We need the black moment. It is another way of drawing our readers in and making them care.

As writers, we create our own criteria for this moment from manuscript to manuscript. It can be one page, two paragraphs, whatever it takes to bring the reader to the brink of fulfillment, and then we tell them there is one last almost insurmountable problem.

The hero and heroine have either made a commitment or there is a strongly implied future between them. We are not left wondering if they love each other.

An Affair to Remember, starring Cary Grant and Deborah Kerr, is considered one of the greatest love stories ever. If you have never seen it, rent it out. If you have seen it before, take a stroll down memory lane to relive the magic.

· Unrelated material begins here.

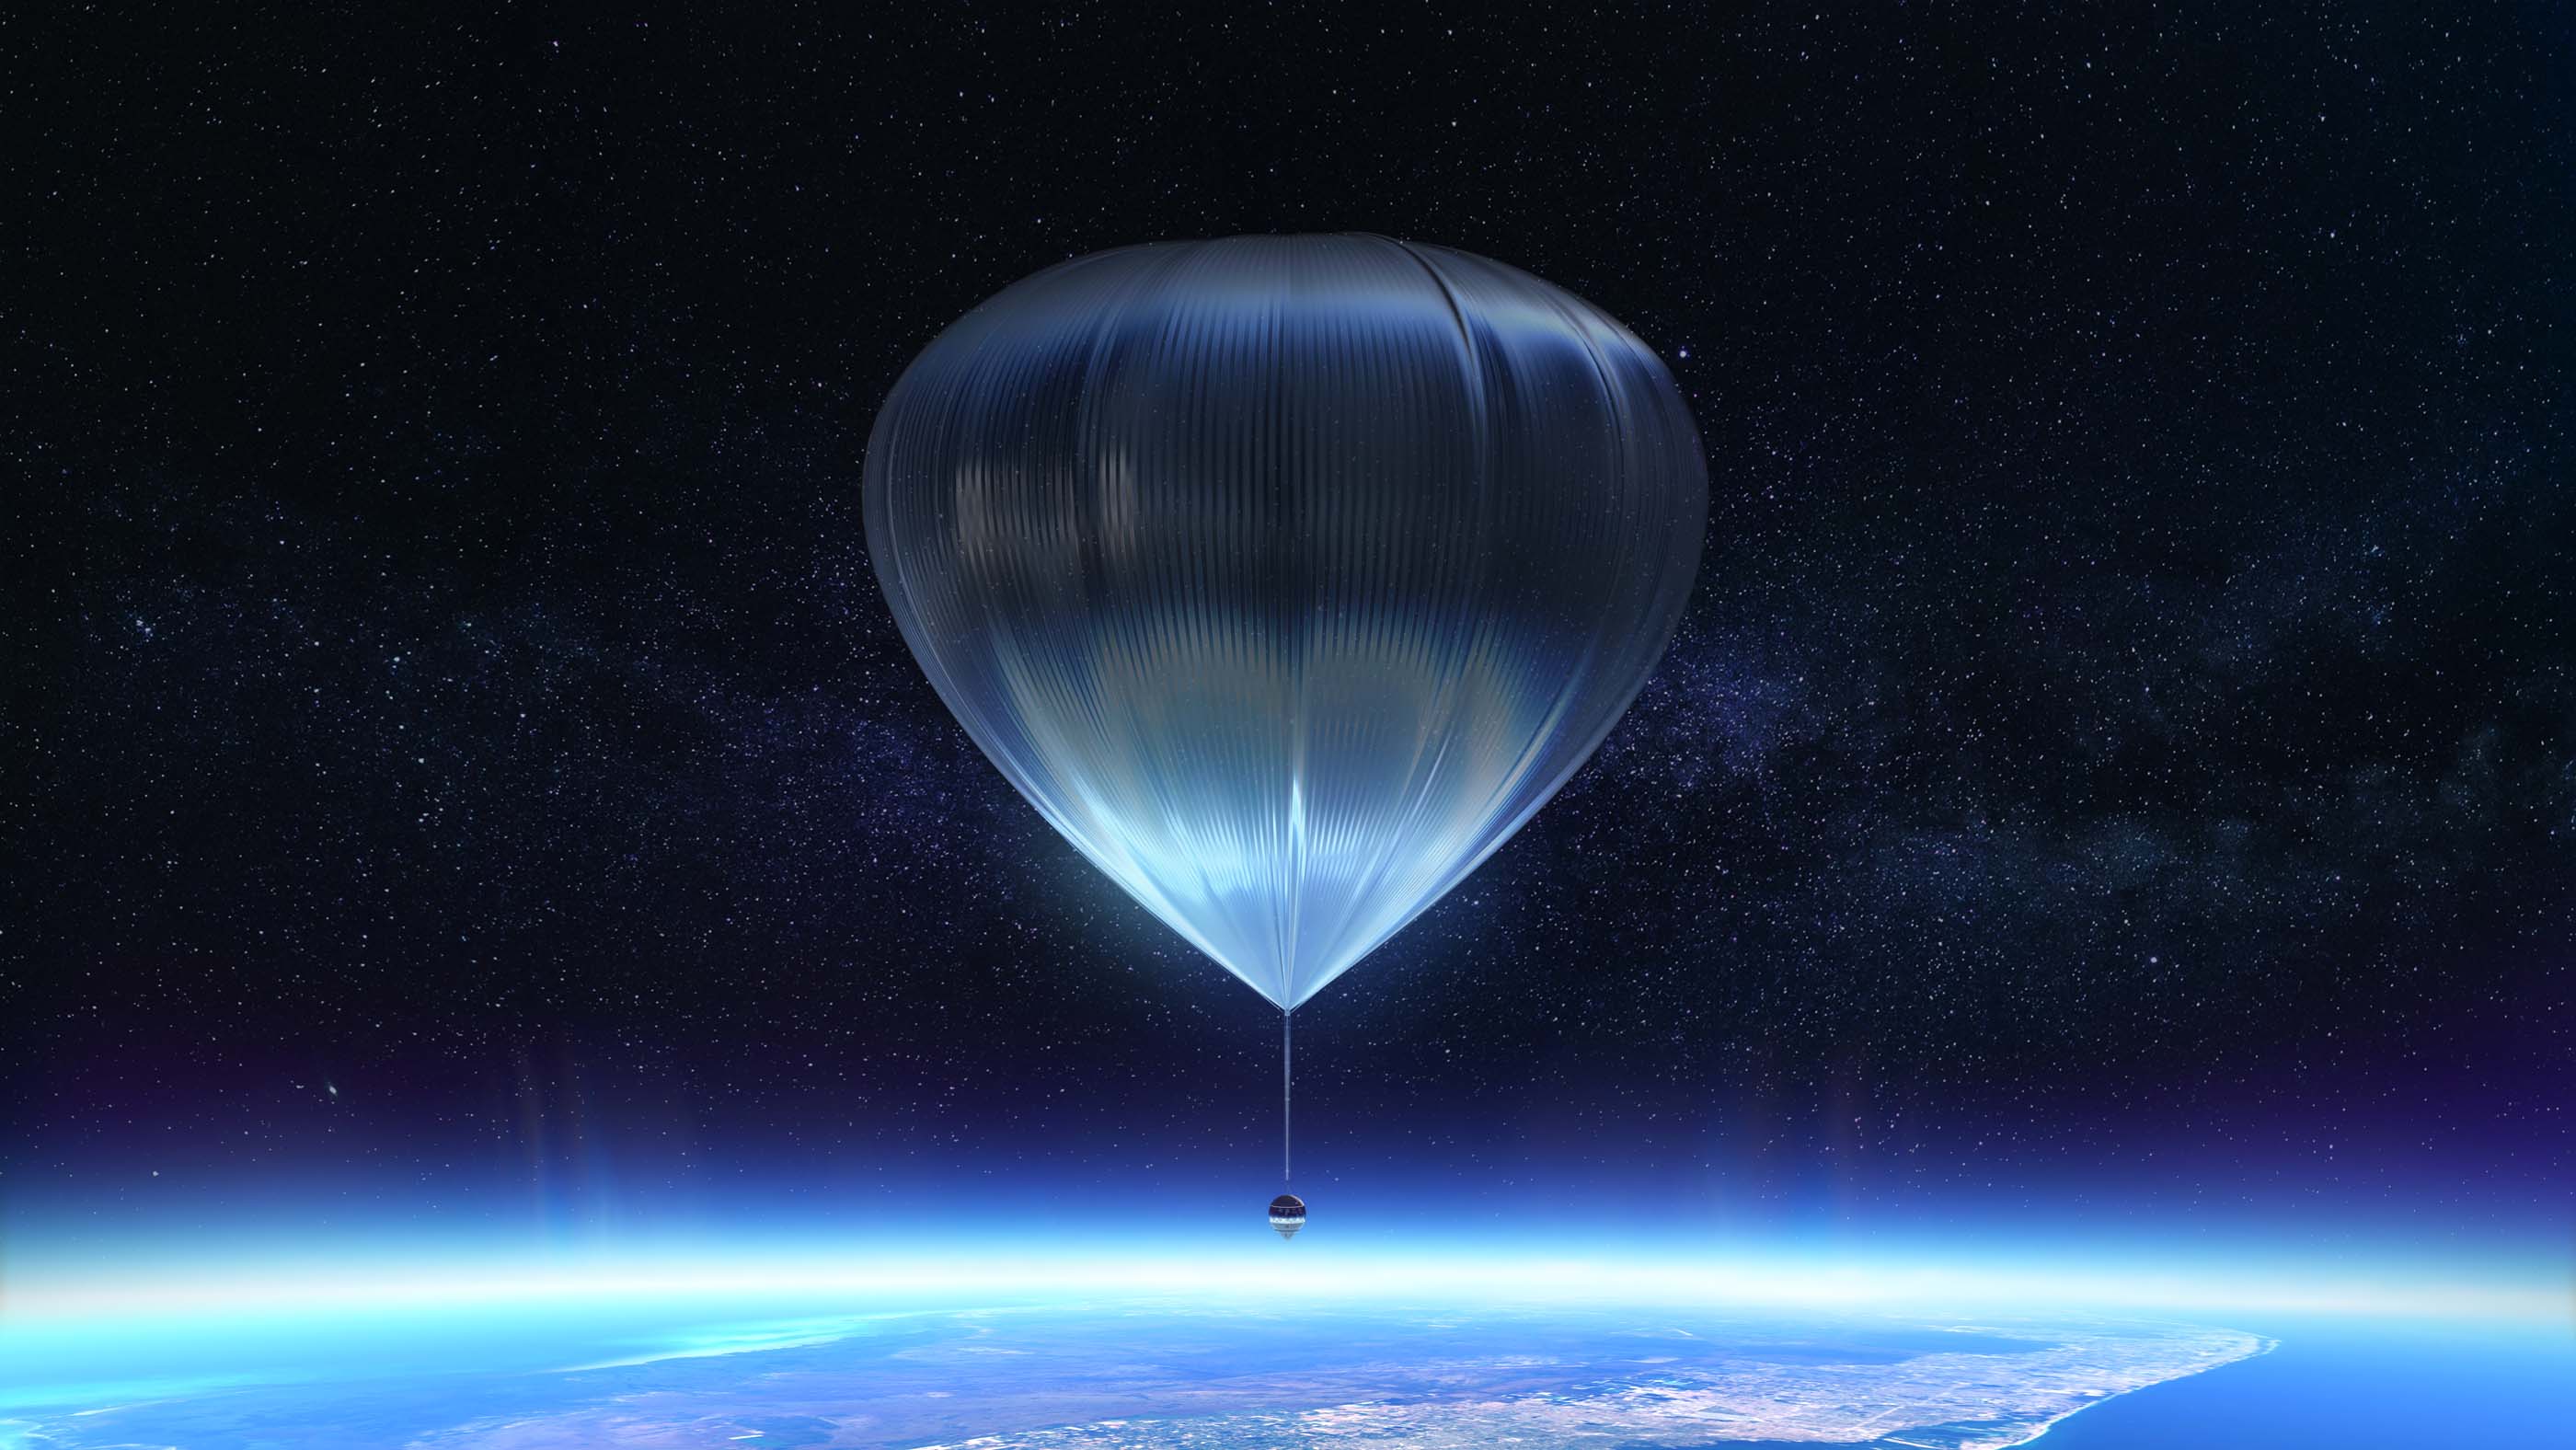 large balloon lifts spacecraft above earth surface

Cary Grant stars as world-renowned playboy Nicky Ferrante. Nicky is engaged to marry Lois Clarke, a rich heiress. He’s boarding for his cruise to cross the Atlantic.

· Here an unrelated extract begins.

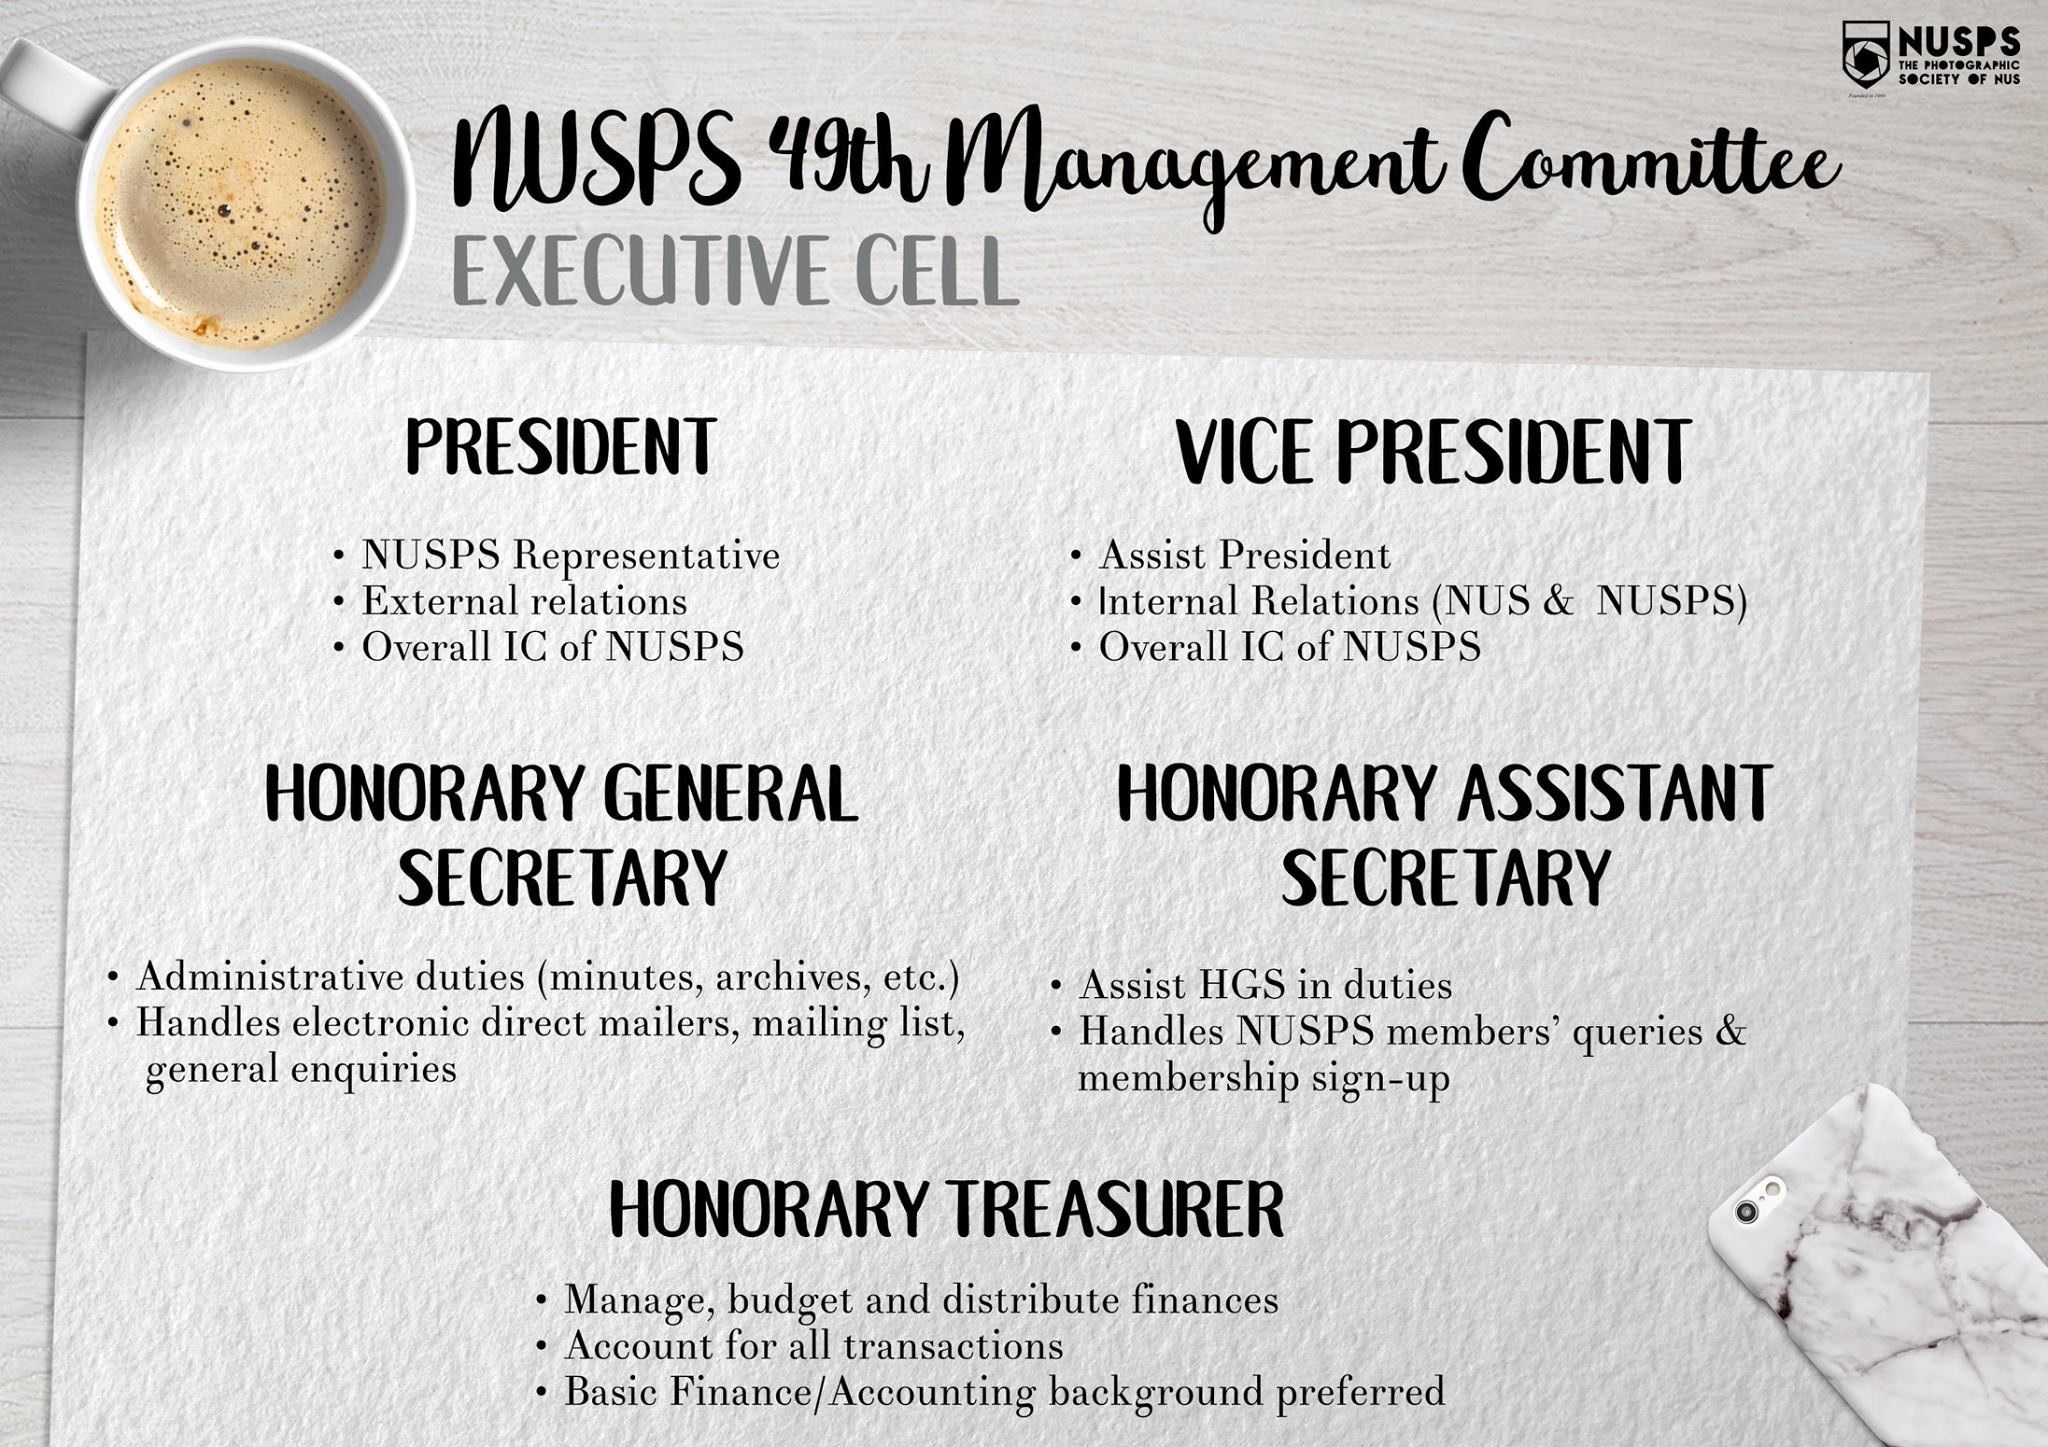 Recruitment for the 49th Management Committee!

Deborah Kerr plays Terry McKay, the girlfriend of a rich businessman, who is also on the cruise. She is lonely and hates her boyfriend, Kenneth for forcing her to go on the New Year’s Eve trip by herself. Fate brings the two together when she finds Nicky’s cigarette case.

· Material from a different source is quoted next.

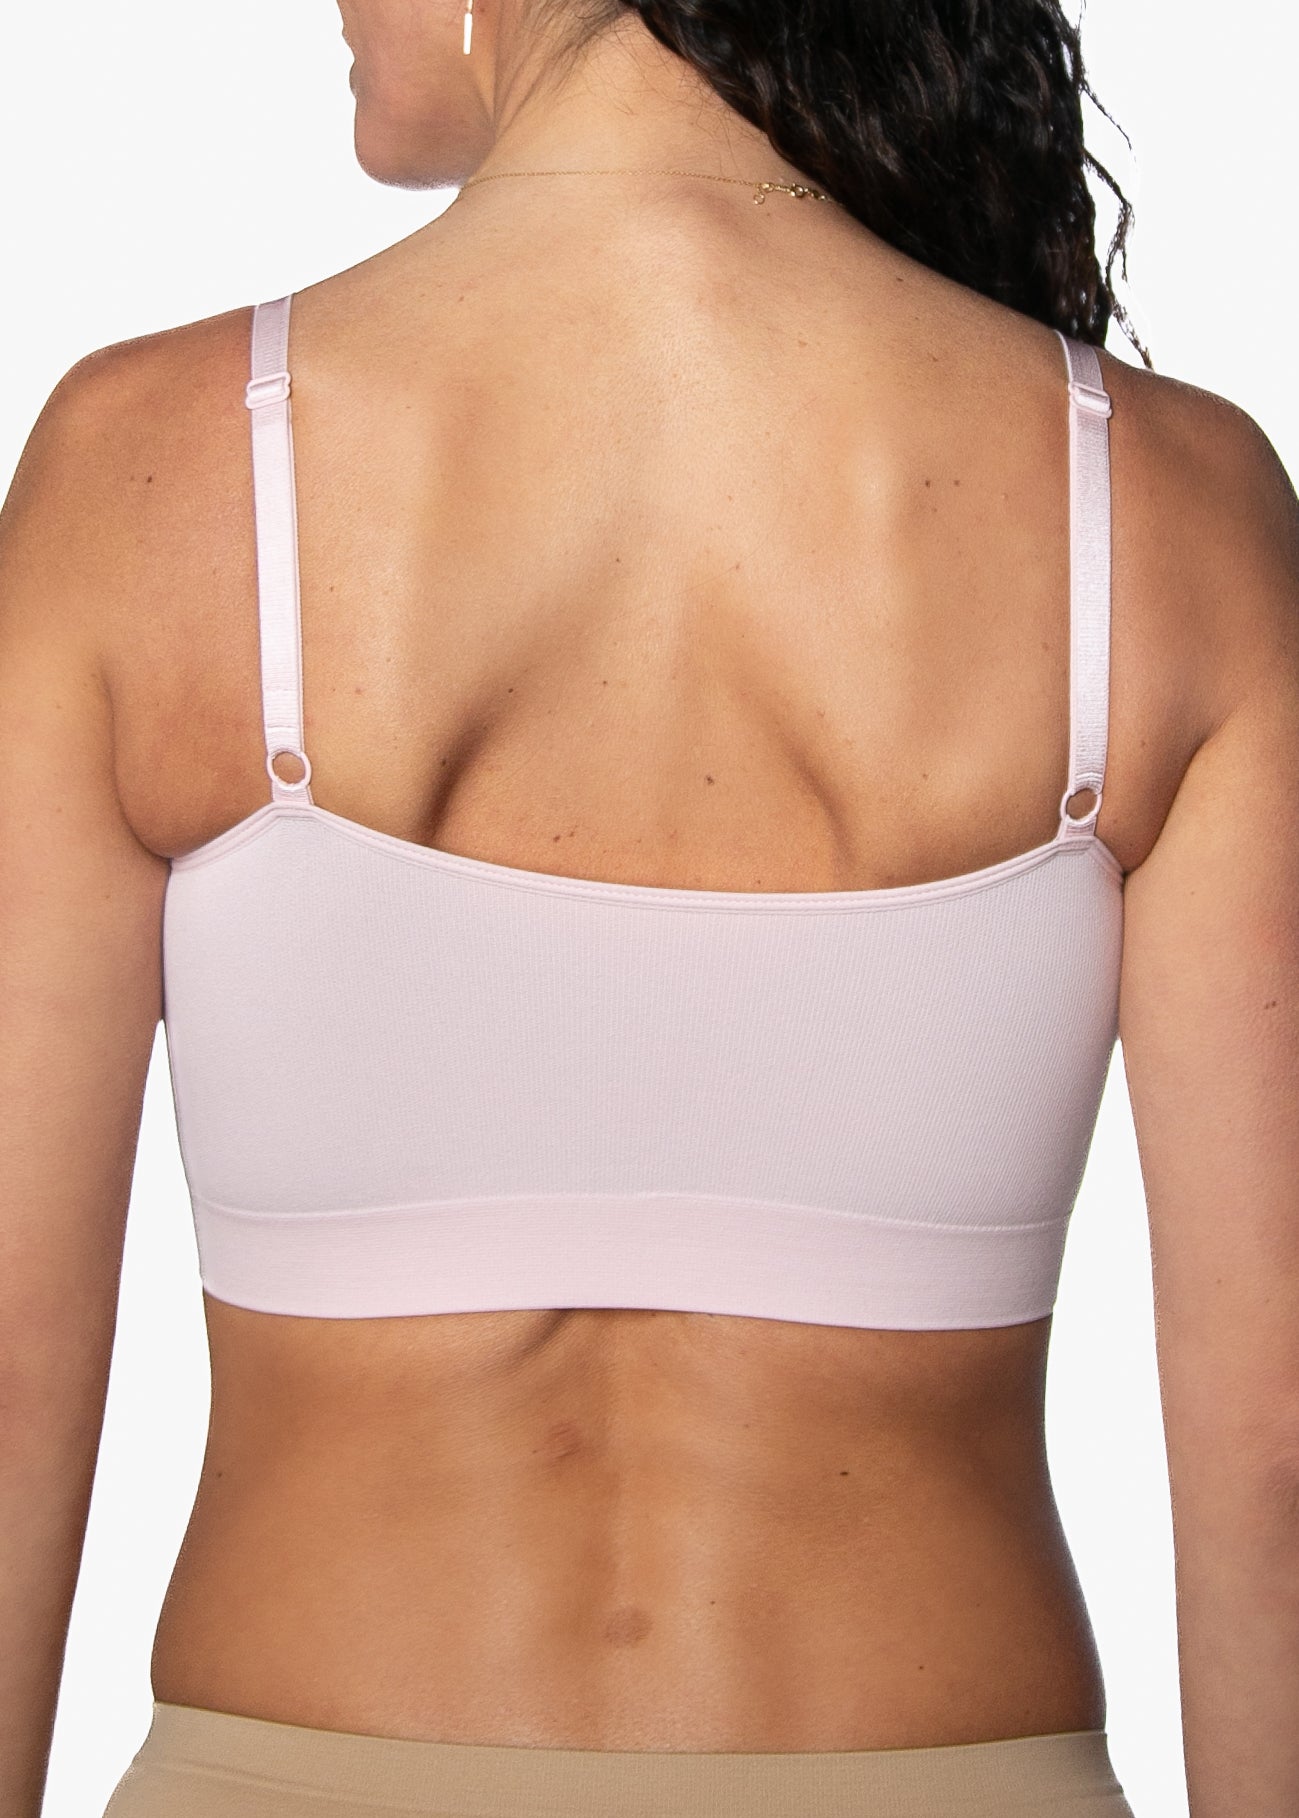 Wholesale bra adjustable hook For All Your Intimate Needs

They are instantly attracted to one another, but the couple realizes that they should not be seen together and must not act on their burning passion due to their commitments to their current beaus. However, that only makes the love grow stronger.

As the cruise approaches its destination, New York City, they realize they are meant for each other, so our two lovers make a pact—they will meet at the top of the Empire State Building six months later. If they are still in love, they will get married.

Three months later finds Nicky waiting on the top of the Empire State Building and Terry looking up at the building and her love. Crossing the road, she is hit by a car and left paralyzed. She doesn’t want Nicky tied to a cripple and never contacts him.

Nicky believes that she doesn’t love him.

This is not the black moment.

The black moment comes when Nicky sees Terry at a theatre with another man. Consumed by jealousy he arrives unexpected at Terry’s flat. He wants to tell her how much she has hurt him and how he can never forgive her. He begins to leave her and we realize that all is forever lost.

TURNAROUND AND RESOLUTION: as he’s leaving he sees a painting he’d given away to a friend who owns a restaurant, a painting that both he and Terry loved. His friend told him about a crippled girl who begged him to sell her the painting. He searches the flat and finds her wheelchair. And we have a most satisfying heart-rending ending.

Let’s take another example:
In my latest book, An Outback Affair, out today from Crimson Romance, Cassie believes all that Joel wants is his nephew Sam. She confronts him and he confesses that it is the truth. At the beginning he wanted only Sam and planned and plotted to keep him, now he has fallen in love with her and she is his life. She doesn’t believe him.

TURNAROUND AND RESOLUTION. Joel tells her to leave the station, take Sam with her and never return. He’ll never bother them again. Cassie knows now that Joel loves her more than life itself.

The black moment is full of possibilities to enhance and bring your story to a close.

The reader wants a happy ending.

Create the black moment in a skilful, believable manner, and then let your readers and your hero/heroine have their well-deserved happy ending.